Advances in Decision Sciences
Volume 2010 (2010), Article ID 546547, 29 pages
Research Article

A Theoretical Argument Why the t-Copula Explains Credit Risk Contagion Better than the Gaussian Copula

1IMD, 1001 Lausanne, Switzerland
2Claremont Graduate University, Claremont, CA 91711, USA
3Thammasat University, Bangkok, Thailand

Received 19 December 2009; Accepted 23 February 2010

Academic Editor: Chin Lai

Copyright © 2010 Didier Cossin et al. This is an open access article distributed under the Creative Commons Attribution License, which permits unrestricted use, distribution, and reproduction in any medium, provided the original work is properly cited.

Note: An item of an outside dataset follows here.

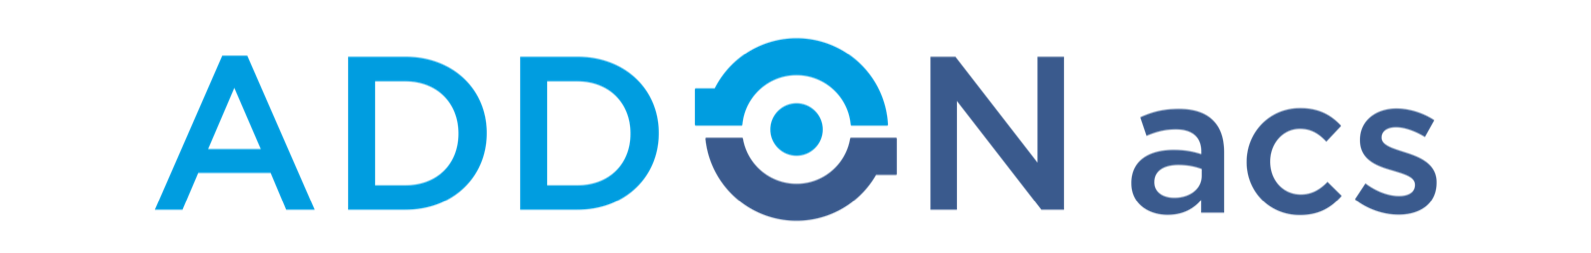 logo bleu n.png

One of the key questions in credit dependence modelling is the specfication of the copula function linking the marginals of default variables. Copulae functions are important because they allow to decouple statistical inference into two parts: inference of the marginals and inference of the dependence. This is particularly important in the area of credit risk where information on dependence is scant. Whereas the techniques to estimate the parameters of the copula function seem to be fairly well established, the choice of the copula function is still an open problem. We find out by simulation that the t-copula naturally arises from a structural model of credit risk, proposed by Cossin and Schellhorn (2007). If revenues are linked by a Gaussian copula, we demonstrate that the t-copula provides a better fit to simulations than does a Gaussian copula. This is done under various specfications of the marginals and various configurations of the network. Beyond its quantitative importance, this result is qualitatively intriguing. Student's t-copulae induce fatter (joint) tails than Gaussian copulae ceteris paribus. On the other hand observed credit spreads have generally fatter joint tails than the ones implied by the Gaussian distribution. We thus provide a new statistical explanation why (i) credit spreads have fat joint tails, and (ii) financial crises are amplified by network effects.